Along with the plea to set aside the resolution plan of Vedanta Group firm Twinstar, Dhoot has also urged the appellate tribunal to direct the Committee of Creditors (CoC) to consider his resolution plan, that entails "zero haircut", under Section 12A of the Insolvency and Bankruptcy Code.

In his petition, Dhoot said: "NCLT Mumbai, by order dated 15/12/20, held that foreign oil and gas assets of Videocon Group held through its foreign subsidiaries, are in fact purchased by Videocon Industries Ltd (VIL) and are to be treated as assets of VIL. The liquidation value of these oil assets is not less than Rs 15,000 crore."

"As such, RP/COC has no authority to sell oil assets and consumer durables, separately. If RP (resolution professional) has sold oil and consumer durables together, RP would have got minimum Rs 25,000 crore against loan of Rs 49,000 crore (Rs 29,000 crore of VIL consumer durables and Rs 20,000 crore of oil assets). Thus, recovery would have been around 50 per cent and not 5 per cent as seen today," he said.

According to him, the RP should have mentioned these facts in information memorandum (tender form) to all the bidders, but he failed to do so, which is violation of the IBC.

This restructure proposal was approved by the CoC in October 2017.

Videocon has now requested, in its appeal, that this resolution plan to be cancelled and fresh resolution plan to be considered with oil and consumer durable assets.

Dhoot, in his proposal submitted to the banks, has offered to pay the whole loan of Rs 30,000 crore to the bank and take back the company.

According to Dhoot, the resolution professional has been responsible for diminishing the value of Videocon Group by closing it down and not running the factory.

Prior to being admitted into insolvency, Videocon Group, in accordance with the corrective action plan, decided to sell assets and ensure that the entire consideration is directly deposited with the consortium of lenders for repaying the debt facilities without bringing in the technical aspects, with a larger interest and intention to repay entire possible amount, he said.

Further, Videocon Group was ready and willing to sell all its remaining assets including the assets of the promoters to service the debts through the agencies appointed by the consortium of the lenders, he said in the petition.

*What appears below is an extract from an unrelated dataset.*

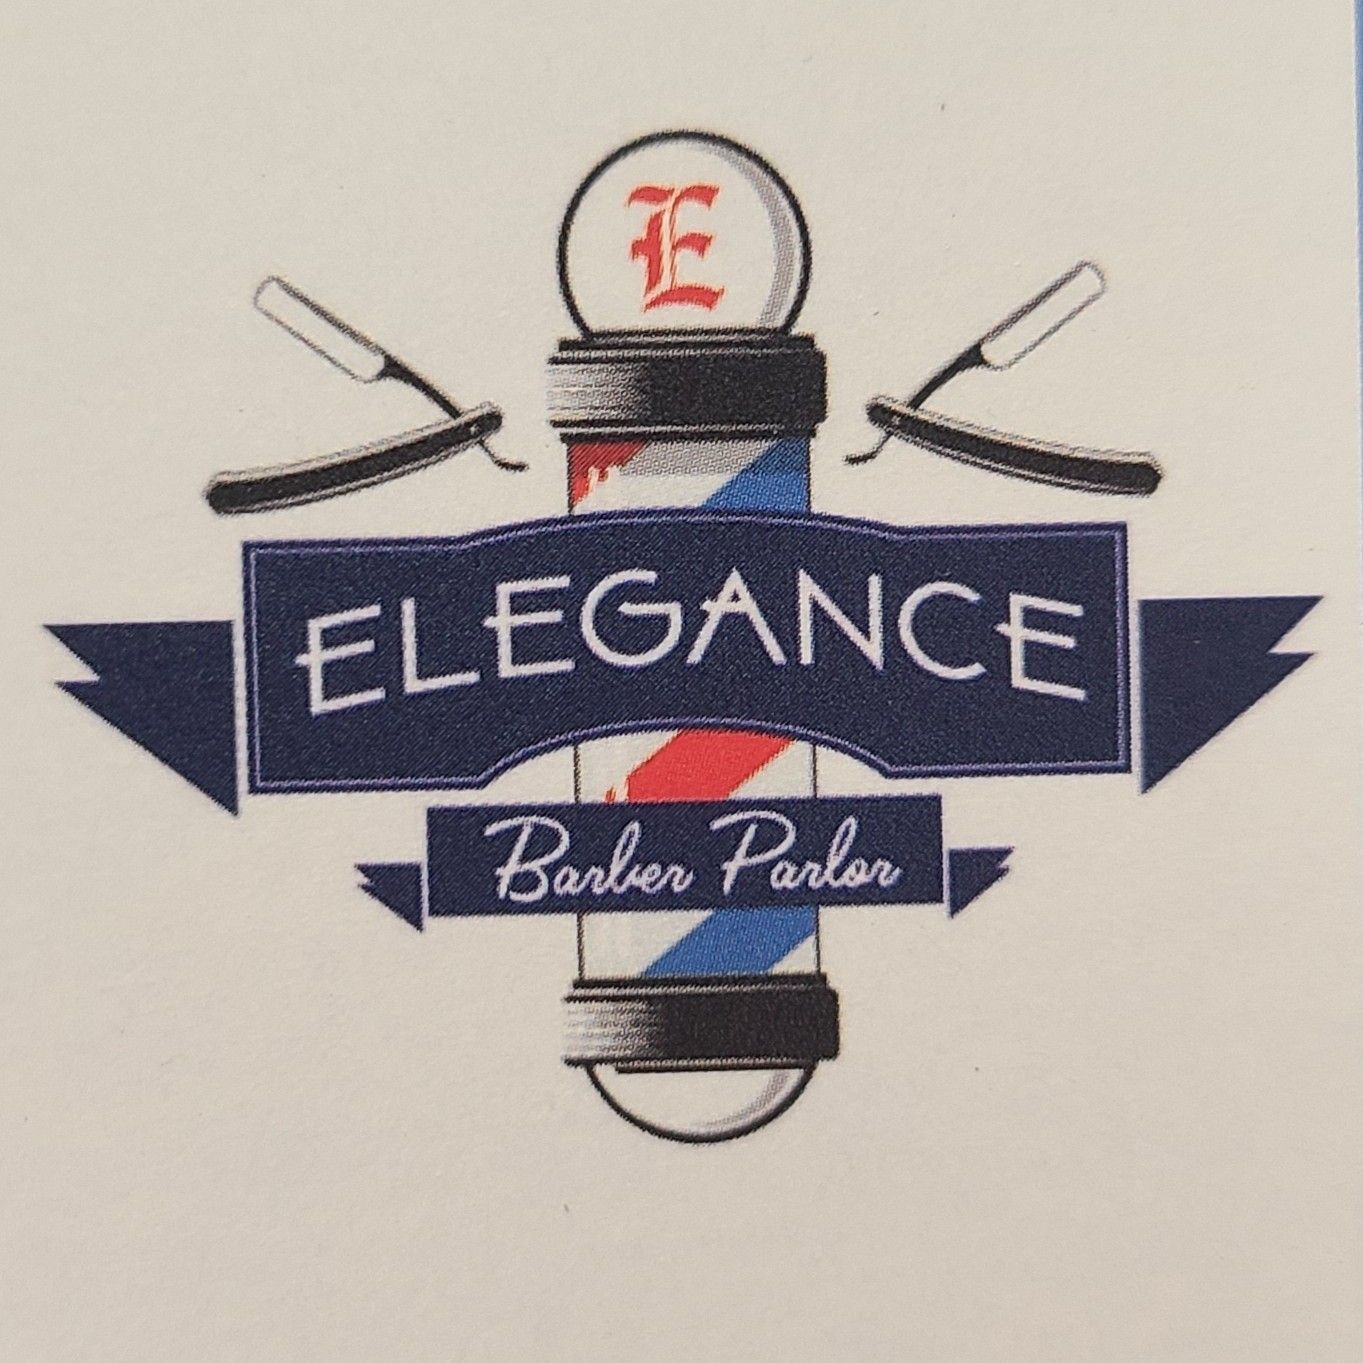 Jose-Elegance Barber Parlor, 650 Oaklawn Ave, Cranston, 02920

The petition added that the appellant has always worked in the interest of stakeholders and is still willing to resolve the debt and provide better returns to the stakeholders.

"It is submitted that a similar proposal was submitted by Appellant in the CIRP of Corporate Debtor under Section 12A of the Code, however, the CoC, being unbending and irrational, has rejected the proposal of appellant to the tune of Rs 31,789 crore, and has accepted the Resolution Plan of Twin Star which provides payment of only Rs 2,962 crore," he said.